論文タイトル
Disulphide and sequence-encoded conformational priors guide nanobody structure prediction
出典

要旨
ナノボディの HCDR3 ループがとる「kinked/extended」という配置様式(ブループリント)と、非カノニカルジスルフィド結合に着目し、これらを明示的に扱う軽量構造予測モデル NbForge を公開しています。
解説など
本研究は、ナノボディ(VHH)の構造予測において、特に重要な以下の2点を明示的に扱うことを目的としています。
- HCDR3ループの「kinked(フレームワークに折り返して接触する型)」と「extended(溶媒側に伸びる型)」という離散的な配置様式(blueprint)
- 追加のシステイン残基による非カノニカルジスルフィド結合(NCDB)
従来の構造予測モデルは、主に RMSD(原子座標のずれ)といった連続値の誤差で評価されてきました。しかし本文では、RMSD が良好でも、HCDR3の配置様式を取り違えたり、正しいジスルフィド結合を再現できないケースがあると指摘されています 。
そこで著者らは、
- 配列から HCDR3 の blueprint を予測する分類器「NbFrame」
- ジスルフィド結合の幾何拘束を明示的に学習させた構造予測モデル「NbForge」
を開発しました。
(1) NbFrame:配列から blueprint を予測
まず、PDB 構造をもとに HCDR3 の構造的特徴(角度、FR2 との接触密度、相対溶媒アクセス性など)を用いて、kinked/extended を分類しています。

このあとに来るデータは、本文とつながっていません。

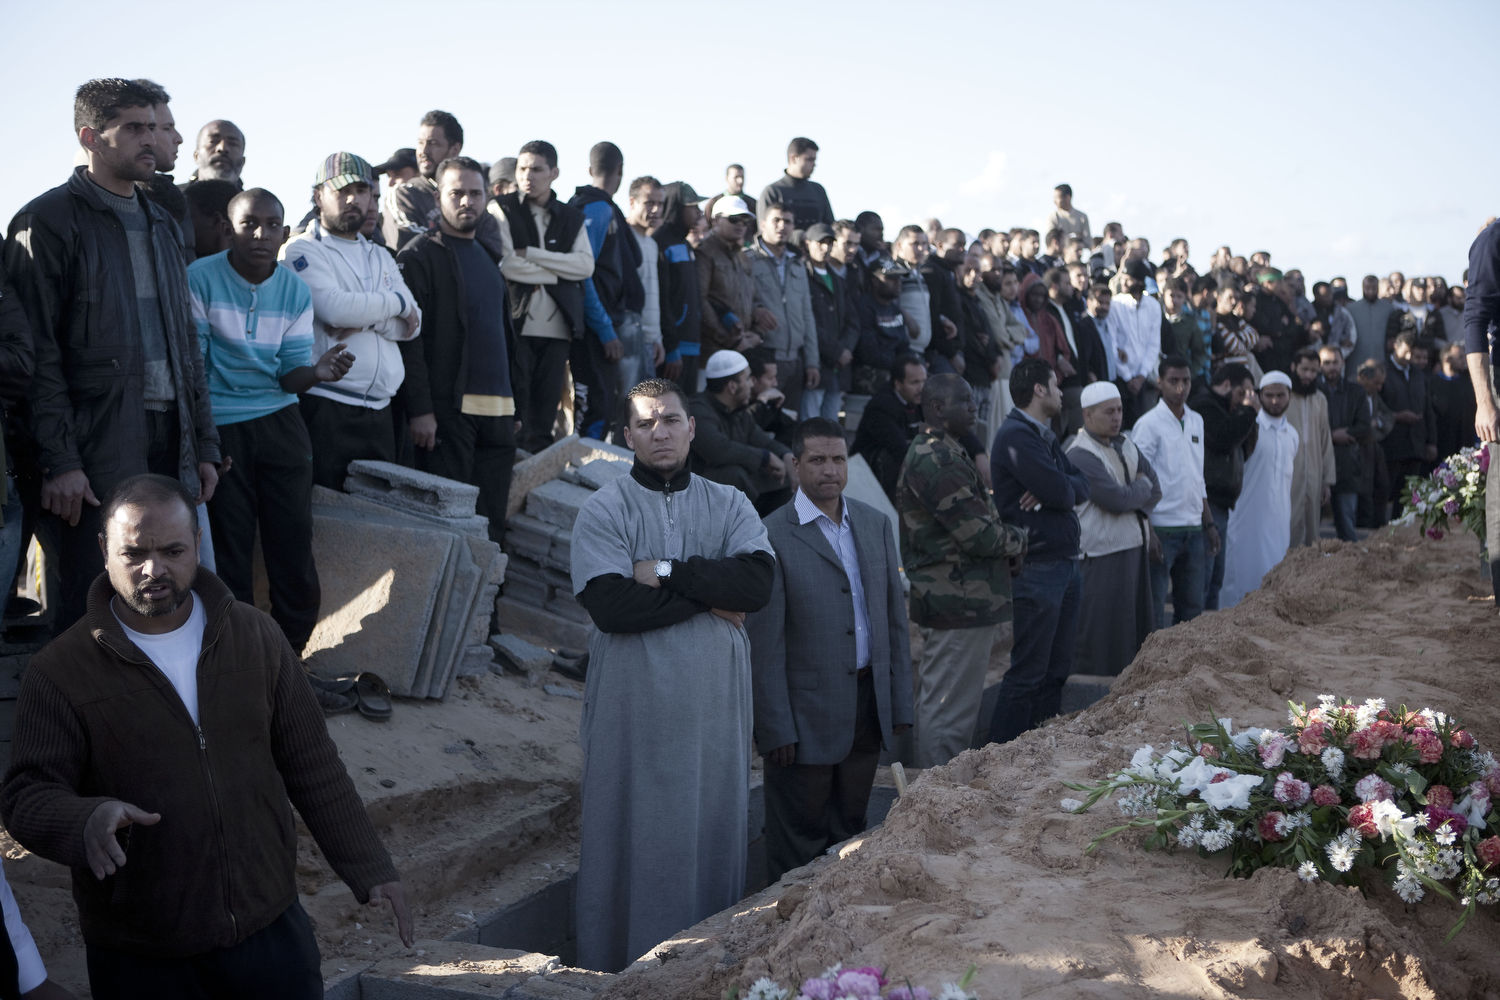 Tripoli residents bury some bombing victims at the martyrs cemetery in Tripoli

そのうえで、フレームワーク領域(CDRではない部分)のアミノ酸組成に着目し、特定ポジションでの残基出現頻度を特徴量としてロジスティック回帰モデルを学習しています。
(2) NbForge:ジスルフィド拘束を組み込んだ軽量モデル
NbForge は、AlphaFold2 の「structure module」をベースにした軽量モデルです。
特徴は以下の3点です。
- VH/VHH 両方のデータを活用した学習
- ジスルフィド結合に対する明示的な損失関数
- SG–SG距離、Cβ–Cβ距離、角度や二面角の拘束
- 自己蒸留(self-distillation)
- 約2,200万配列のVHHライブラリから
- MMseqs でクラスタリング
- NbFrame で blueprint が高信頼な配列のみ抽出
- 約58,575構造を合成データとして再学習
NbForge は、H3 構造予測や blueprint の正答率などにおいて、Boltz1 を超え、また推論時間が大きく早いことが性能面での特徴です。